Insights from this can be used to develop systems for traders to decide whether one should hold positions in the market or not.
Source: Kaggle
Data: This data contains 8 years of daily news headlines from 2000 to 2016 from Yahoo Finance and Reddit WorldNews, as well as the Dow Jones Industrial Average(DJIA) close value of the same dates as the news. This will be a binary classification problem. When the target is “0”, the same day DJIA close value decreased compared with the previous day, when the target is “1”, the value rose or stayed the same.
Downloaded the csv file from Kaggle.
1. Date: Date column contains the dates from 2000 to 2016 on which the news are released.
2. Label: Binary Numeric, '0' represent that the price went down and '1' represent that the price went up.
3. Top#: Strings that contains the top 25 news headlines for the day ranging from 'Top1' to 'Top25'
Let’s look at the data. We have a date column, a label column, and 25 top news columns. Each row represents a day.

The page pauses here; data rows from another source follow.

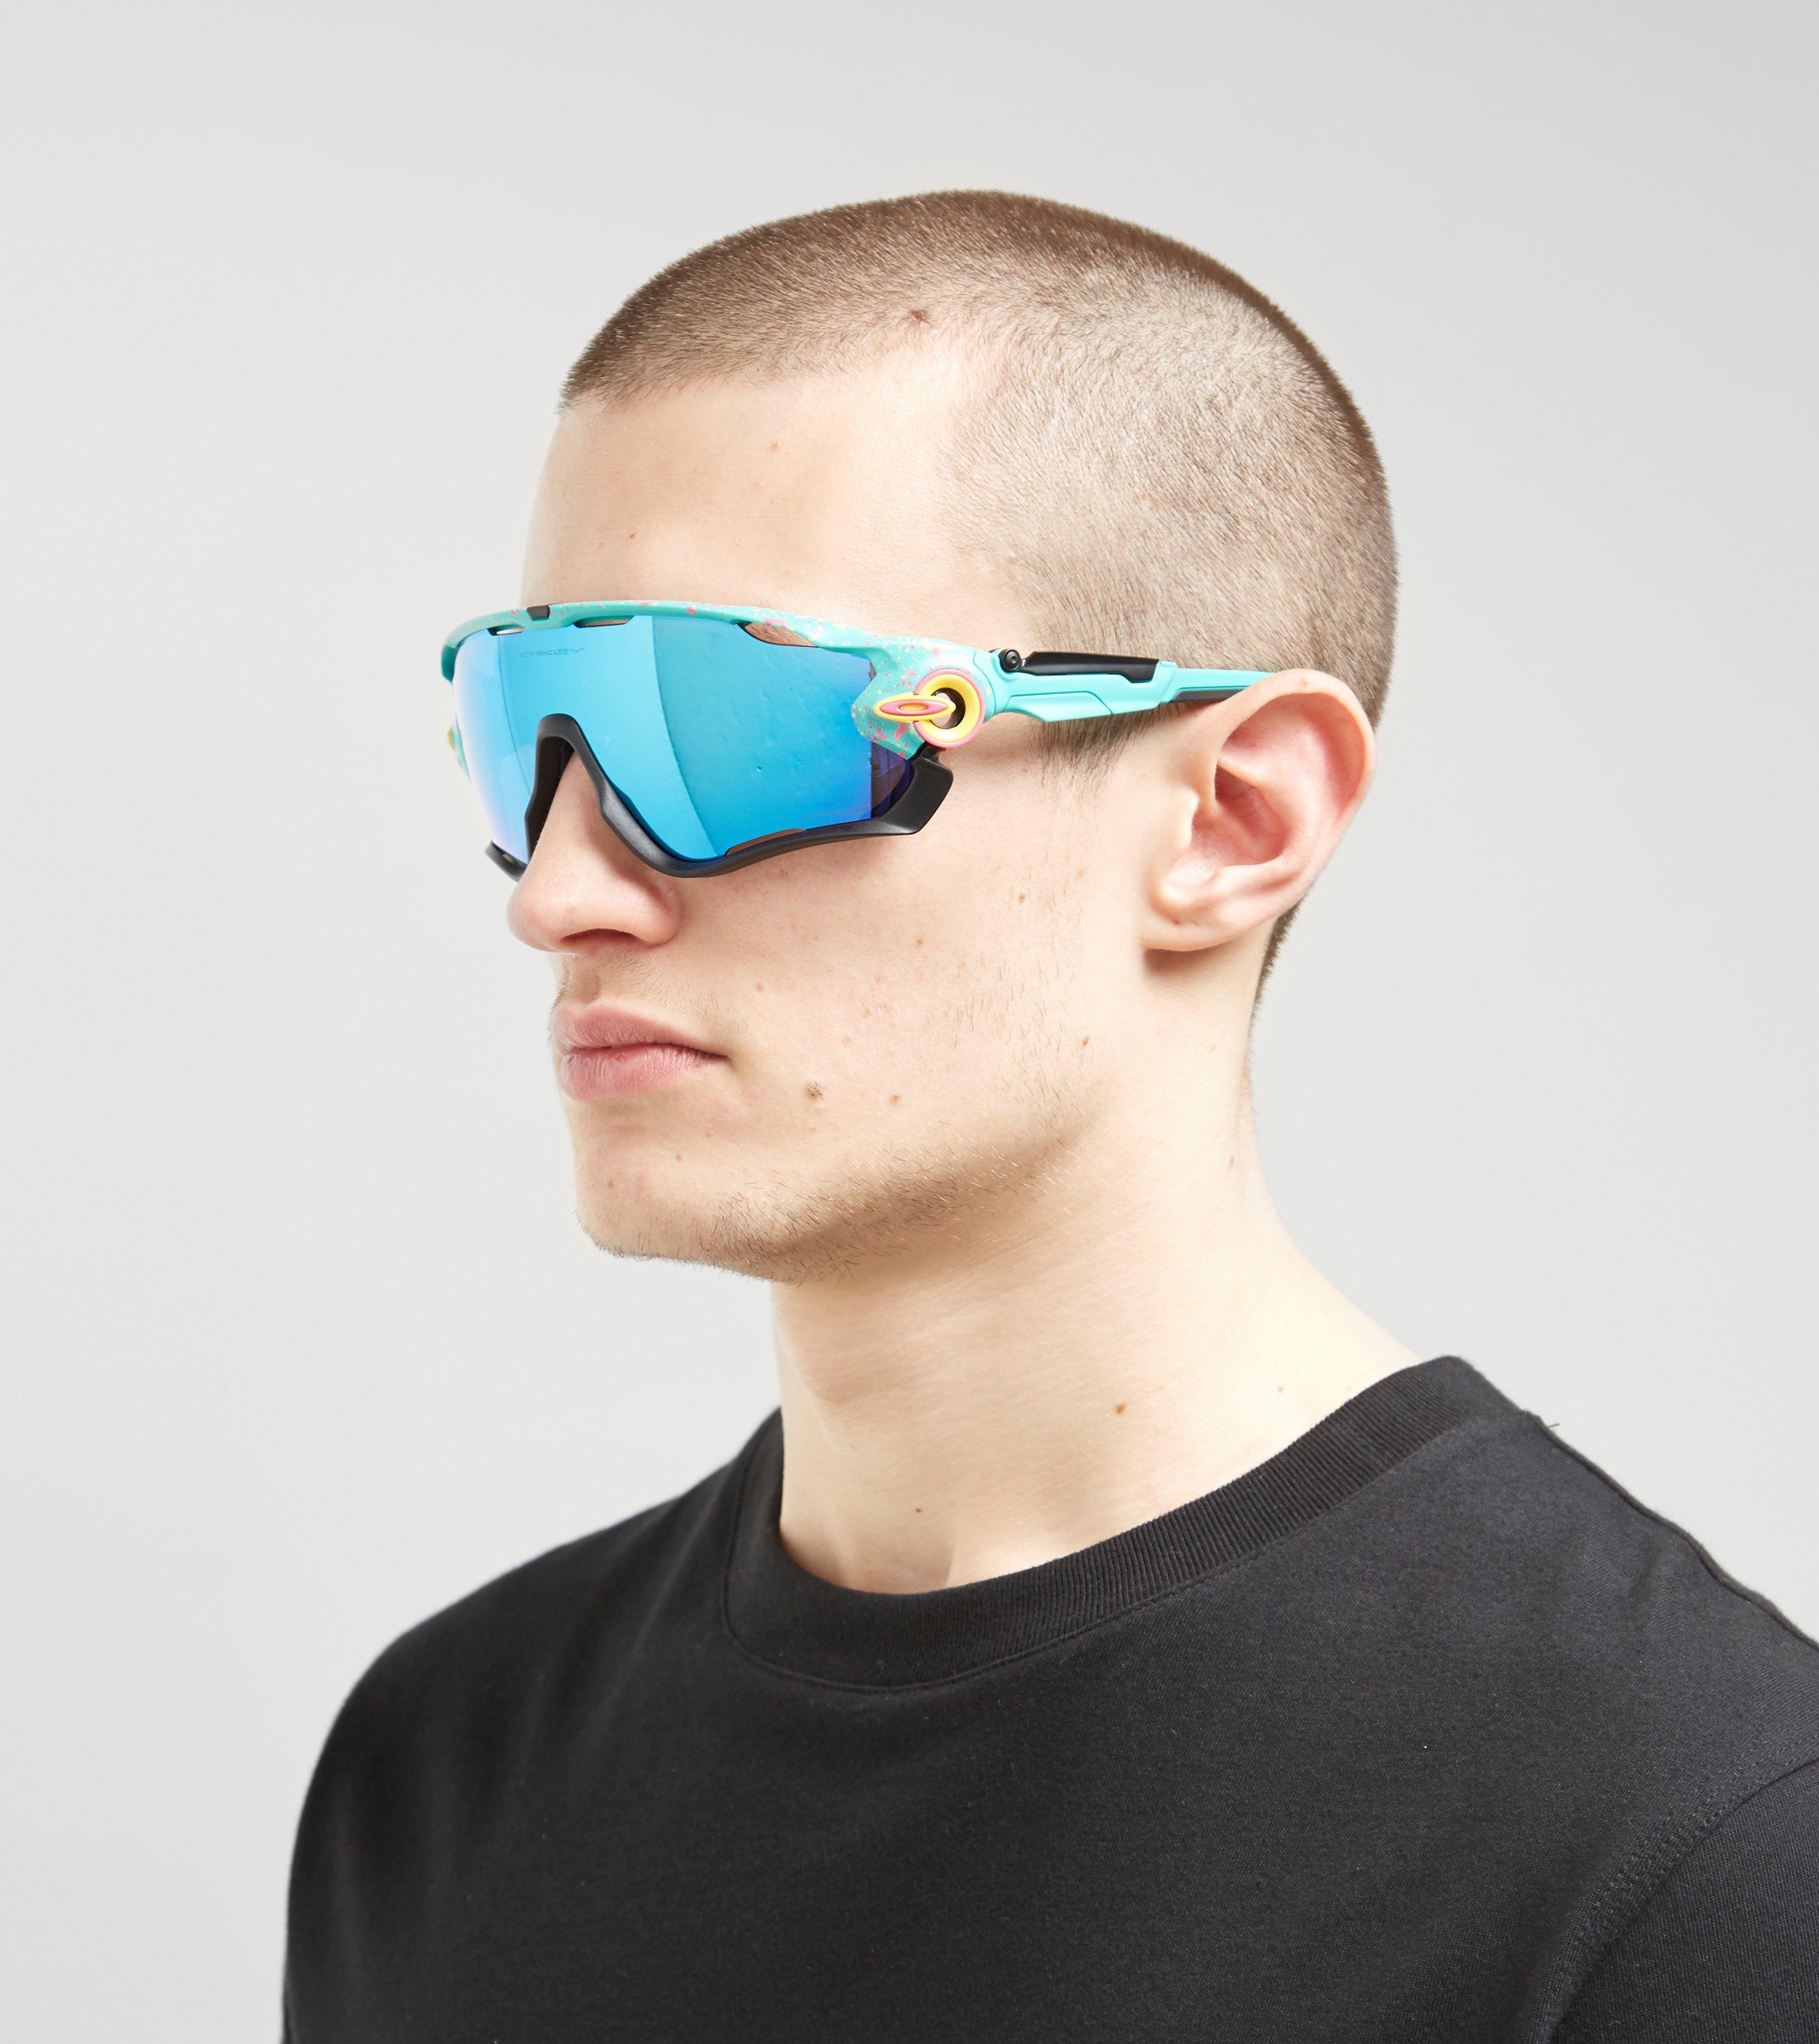 e1c871cf5f6a8 Oakley Jawbreaker Splatterfade Collection in Blue for Men - Lyst
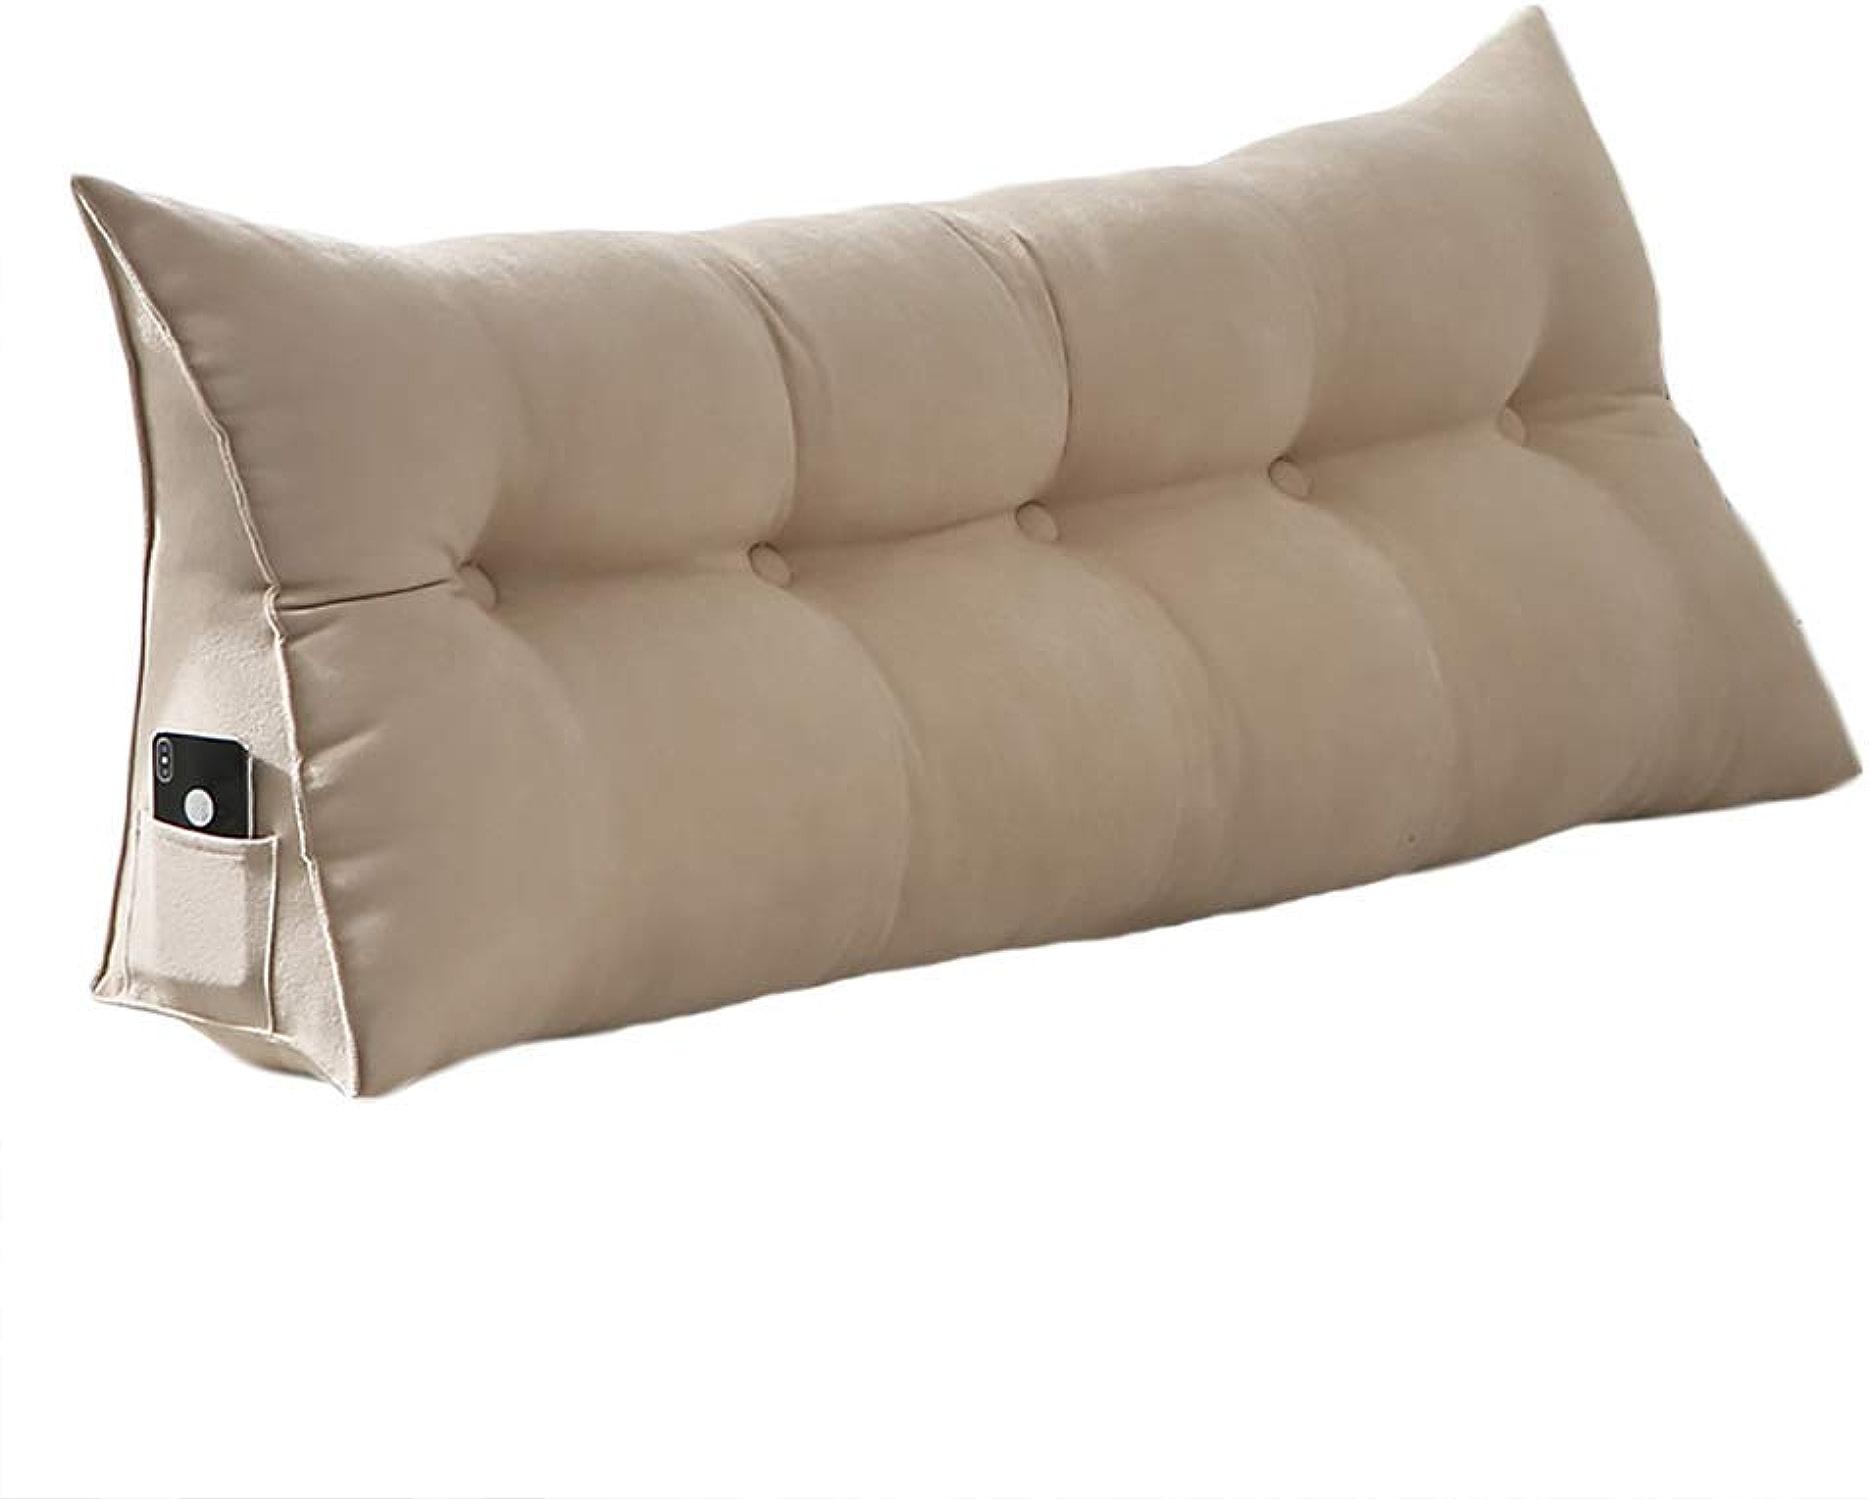 Coussin de cale triangulaire amovible pour le canapé-lit, la tête de lit, le dossier, le soucravaten de l'oreiller, le cou et le coussinet lombaire, lecture beige (taille   65  65cm)
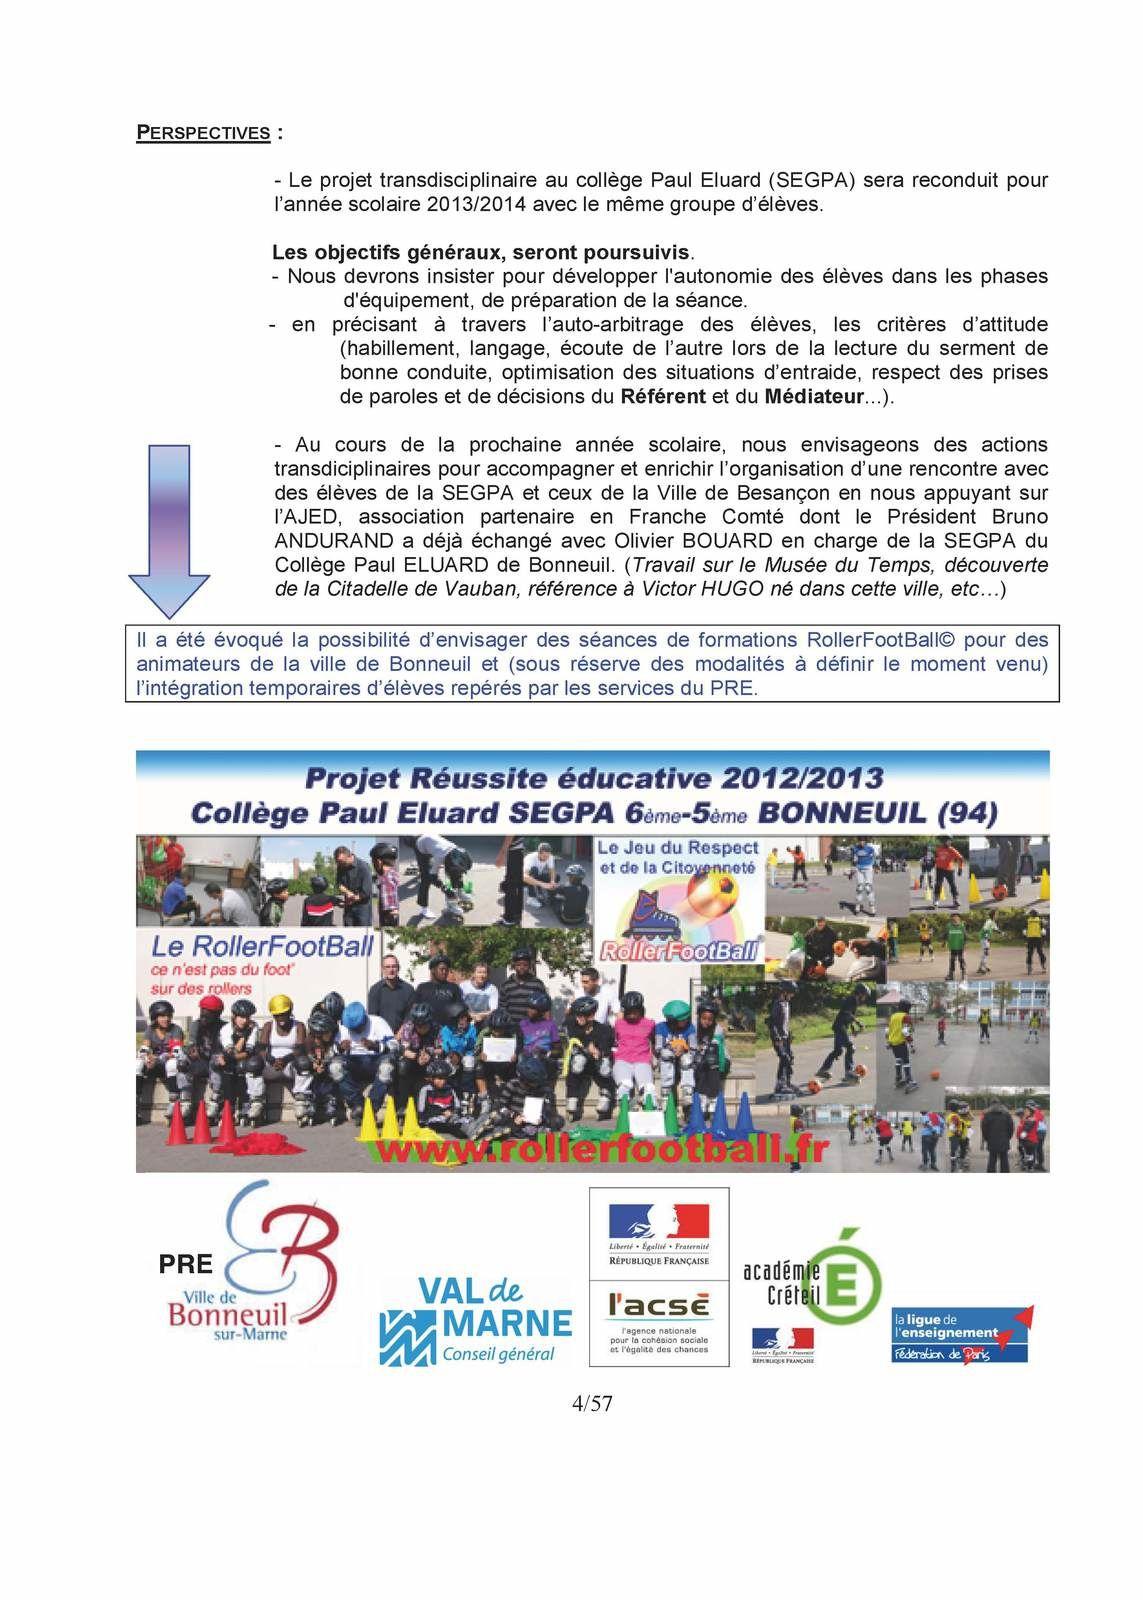 Eléments constitutifs du dossier Projet RollerFootBall©  Prix prévention délinquance 2015 EUROPEAN FORUM FOR URBAN SECURITY (EFUS) PART.2

Real-world/Business objectives and constraints
- No low-latency requirement.
- Errors can be costly.
- Should be robust in nature.
Data Preparation Steps:
- Remove date column
- Combine 25 top news headlines of each day into one document
- Clean the text data by converting abbreviations to full form, removing punctuations & stop words, lowering the letter, and performing lemmatizations.
- Tokenize each document into list of words
- Use 3 word embedding methods to convert the tokens into numeric values: Bag of words, word TF-IDF and GoogleNews word2vec then doc2vec.
Data Cleaning
We need to remove punctuations and stop words, also lower the letters. Before doing these, the abbreviations need to be converted to regular words because their meaning could be lost while cleaning. I made this function to filter out all the abbreviations from the entire dataset.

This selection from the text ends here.